What is best? The definition of best depends entirely on the problem you need to solve and your information on the problem to solve at the time you define 'what is best'. If you have analysed similar types of problems before, you may know that a certain polynomial works better or requires fewer experiments to determine the RSM. You may even have been able to identify that your RSM polynomial is a certain kind of Maclaurin expansion that approximates a certain kind of function and can draw on this information for reduced effort and improved RSM precision.

We limit the discussion here to two kinds of models for general problems where nothing is known about the problem a priori: Taguchi and Three Level Full Factorial (3LFF).

Both models use the design input’s max/min values. The Taguchi model has versions that do and do not use mid points, while the 3LFF method always uses mid points ((max-min)/2).

The Taguchi model spans a linear RSM, i.e. y = A + B*x1 + BX2, while the 3LFF method generates the RSM by y = A + B*x1 + C*x2 + D*x1*x2 + E*x1^2 + F*x2^2 + G*x1*x2^2 + H*x1^2*x2 + I*x1^3.

The Taguchi model is a screening model and the 3LFF model is an exploration model. Furthermore, the cost of running the Taguchi model is N+1 experiments, while the 3LFF model costs 3^N experiments.

The Taguchi model is therefore used to identify which of the design inputs matter, i.e. to screen the design. After discovering this, you should continue with a more advanced model such as. 3LFF.

As you can see in the above example, we may choose to add or remove RSM coefficients when selecting our RSM model. If, say, the D, G and H coefficients are small, we can simply set up a new RSM model to see if it works better.

There is one more type of RSM that needs to be mentioned: Kriging (Link), which we will explore below.

A polynomial RSM will never exactly pass through the computed points in the design space. A Kriging model will exactly fit the computed points, but may be off in between these points.

Kriging is therefore an excellent tool to refine a RSM for use near an optimum by enriching the RSM with a few extra simulation cases near the optimum. This is done at little or no cost, as you must verify the RSM estimated optimum anyway.

G P. Box once wrote, "All models are wrong, but some are useful," which originates from his book on RSMs.

Having found a RSM that is able to describe the design space, we can now use more expensive optimisation methods that guarantee the identification of the global optimum, e.g. Genetic Algorithms (GA) and Simulated Annealing.

Not all problems can be captured using RSMs. The design space may contain several localised minima or simply be uneven, contain forbidden parts, etc.

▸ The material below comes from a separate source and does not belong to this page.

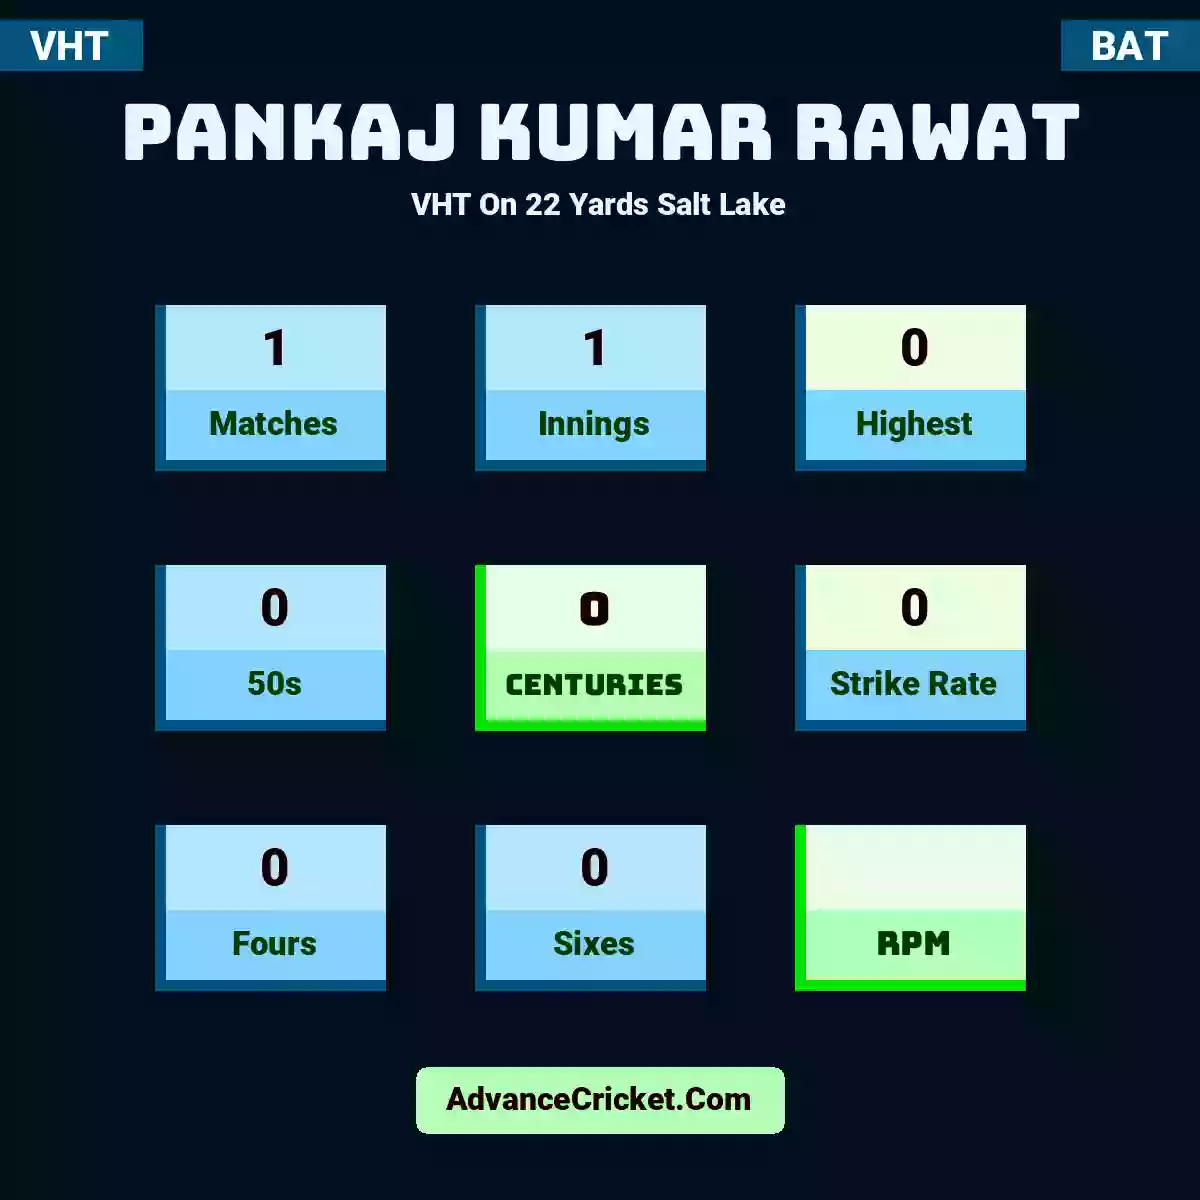 Pankaj Kumar Rawat VHT  On 22 Yards Salt Lake, Pankaj Kumar Rawat played 1 matches, scored 0 runs as highest, 0 half-centuries, and 0 centuries, with a strike rate of 0. P.Rawat hit 0 fours and 0 sixes.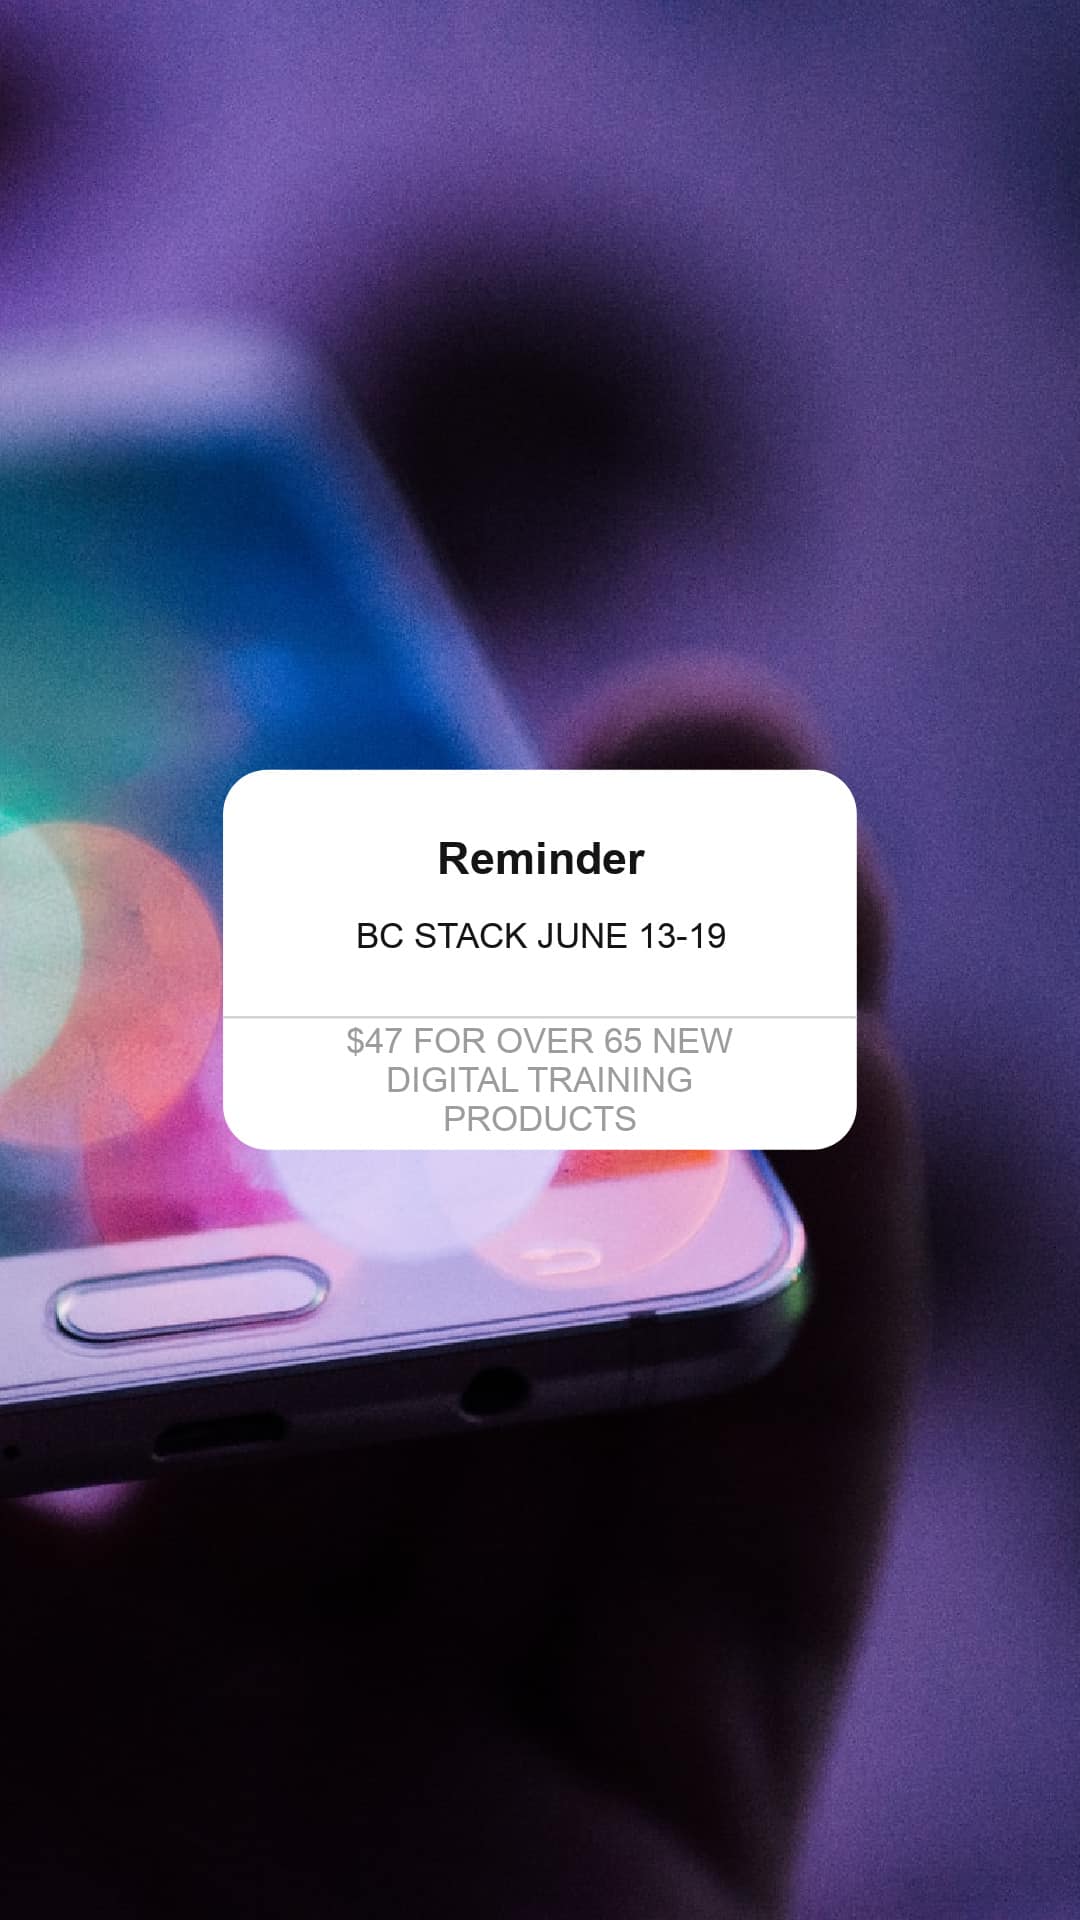 Last reminder for BC Stack 2021

If this is the case, we may have to use an advanced optimiser such a GA on the problem. However, we should only do so when we know that this truly is required.

The author’s experience is that a GA optimiser typically needs four or five generations to identify the range of an optimum.

The most desirable design, or the optimum, is in some cases very simple to define, e.g. low weight and high stiffness. However, when executing the workflow, we can add also other types of consideration. For example, we can choose between two or more materials that have different prices. Using a lower weight of a pricy Material A may generate a product that is costlier than the more mundane Material B, which is heavier.

When mixing multiple design considerations, and/or, design disciplines, workflow execution is referred to as Multi-Disciplinary.

One example of a Multi-Disciplinary optimisation of a train wheel is shown here (Link).